Your task:
As you print the data below, keep every line exactly as it is and leave the images behind.

Available data:
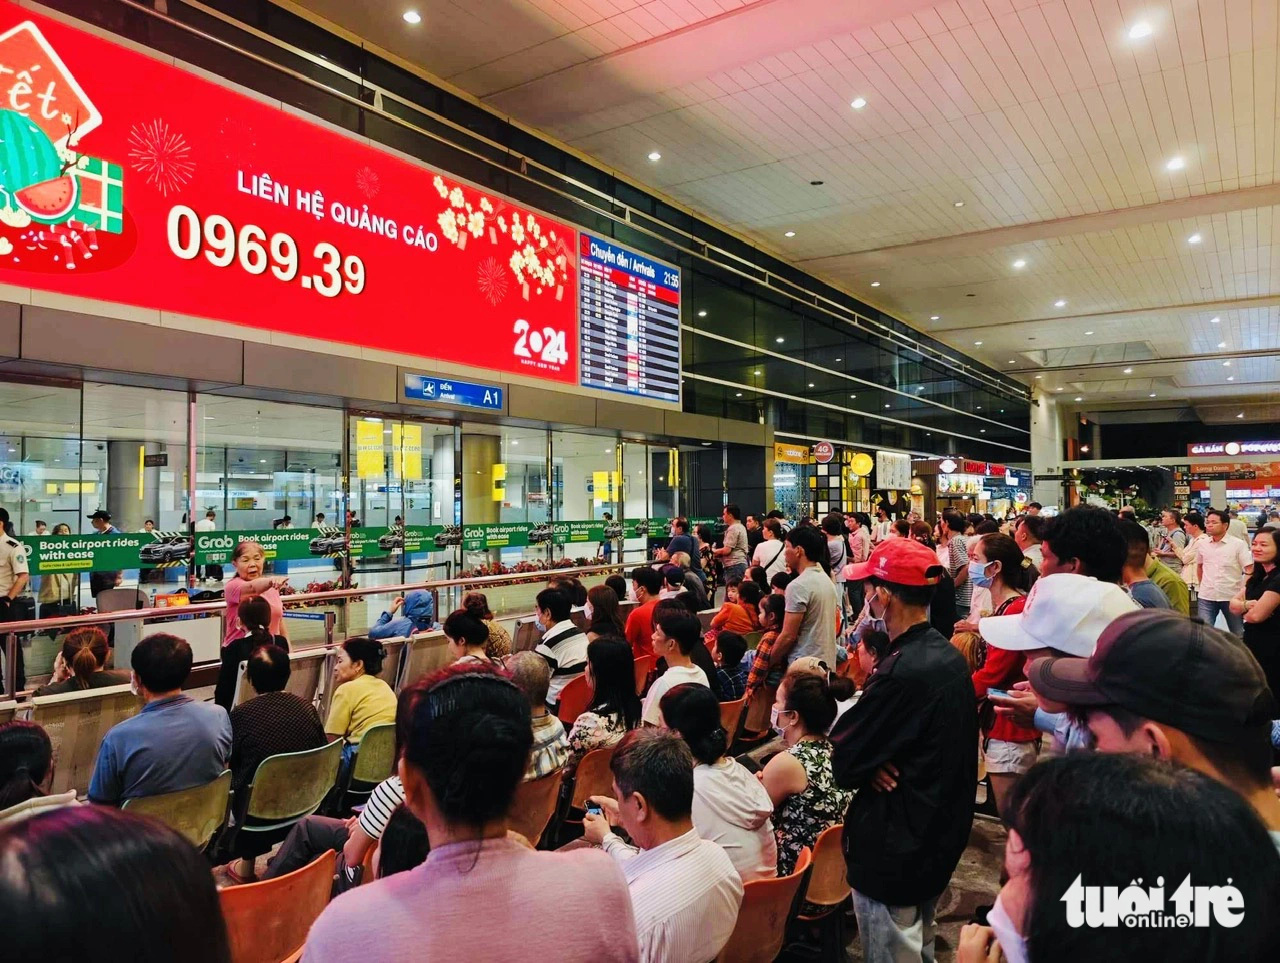 A crowd of people wait for their overseas Vietnamese relatives at the arrival hall of the international terminal at Tan Son Nhat International Airport in Ho Chi Minh City, January 24, 2024. Photo: Cong Trung / Tuoi Tre
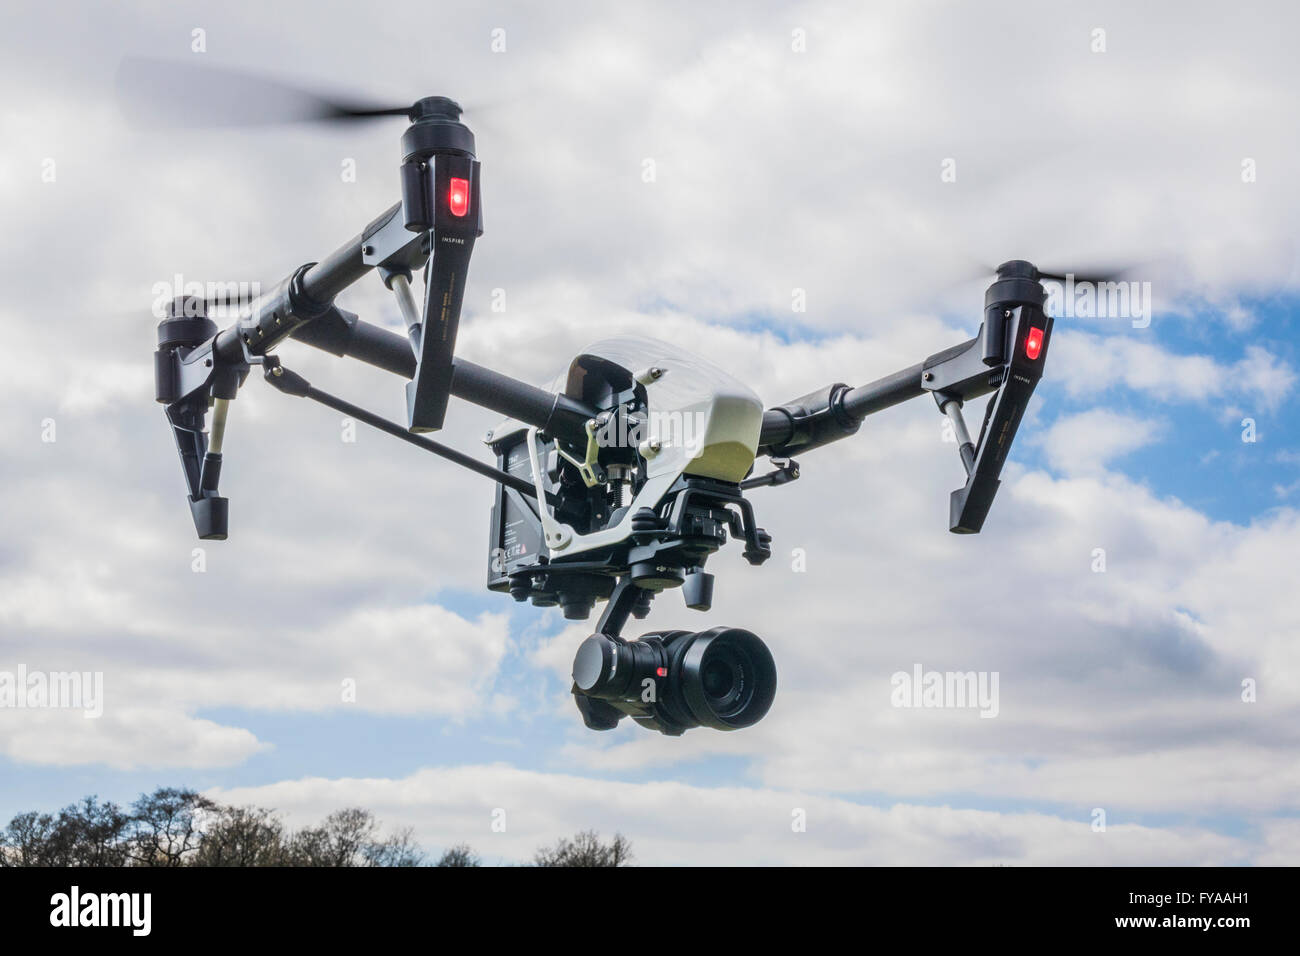 Remotely piloted DJI Inspire drone in flight Stock Photo
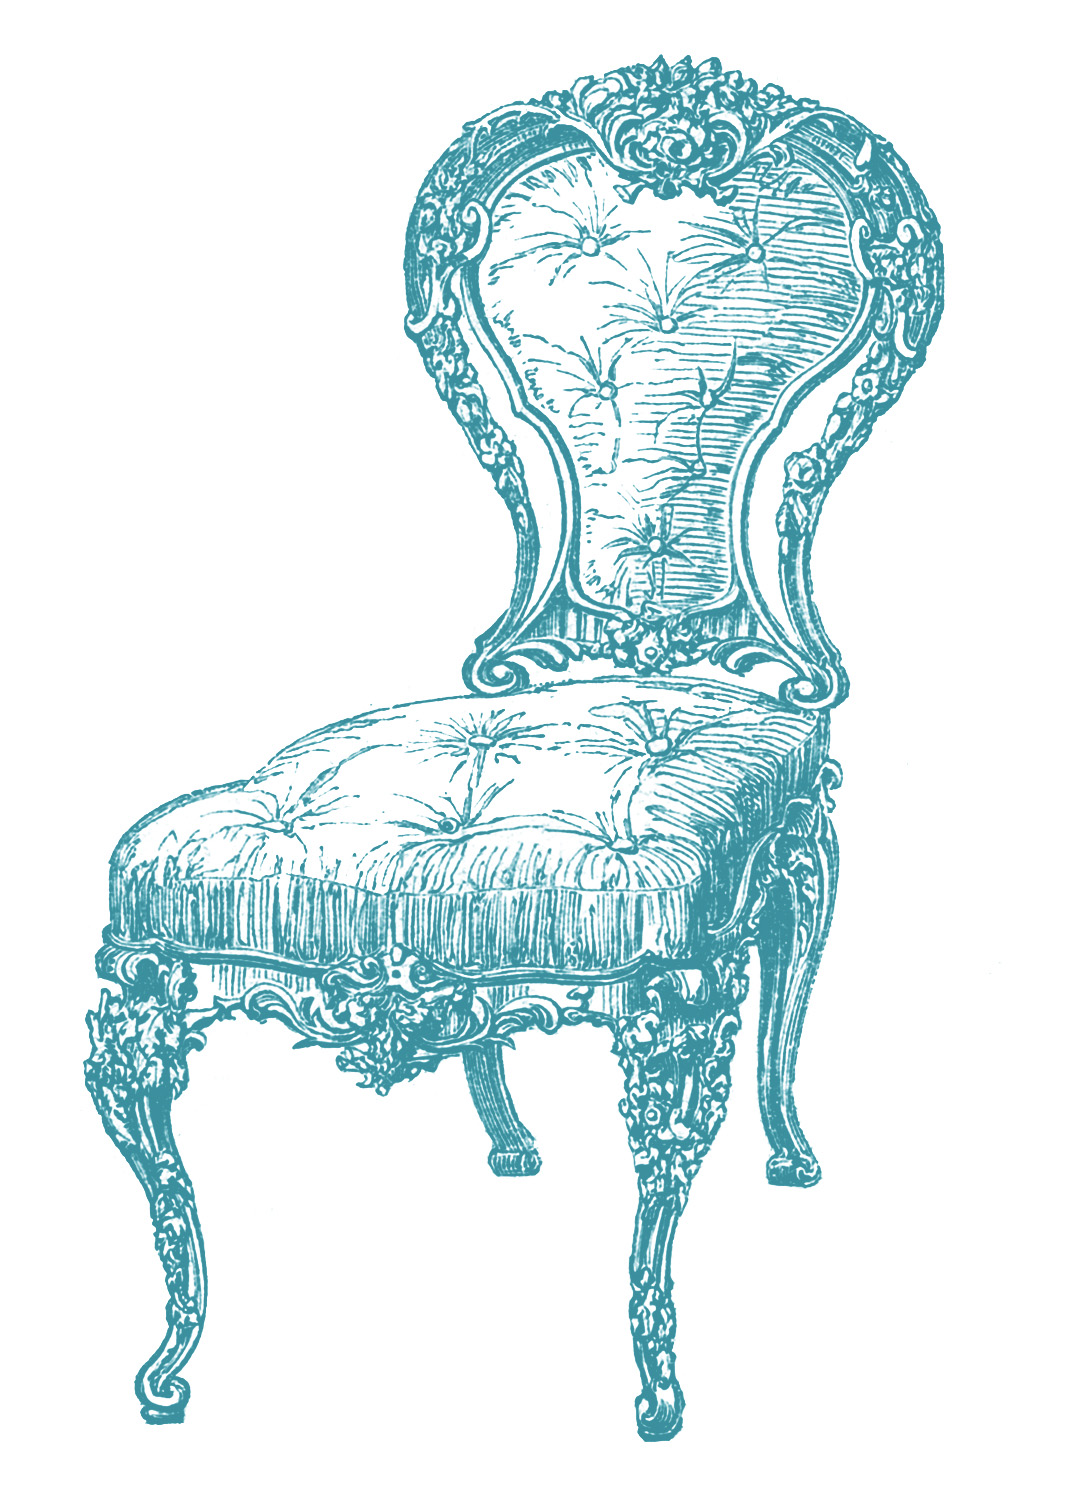 Vintage Clip Art   Frenchy Chair   4 Options   The Graphics Fairy

Written solution:
 A crowd of people wait for their overseas Vietnamese relatives at the arrival hall of the international terminal at Tan Son Nhat International Airport in Ho Chi Minh City, January 24, 2024. Photo: Cong Trung / Tuoi Tre
 Remotely piloted DJI Inspire drone in flight Stock Photo
 Vintage Clip Art   Frenchy Chair   4 Options   The Graphics Fairy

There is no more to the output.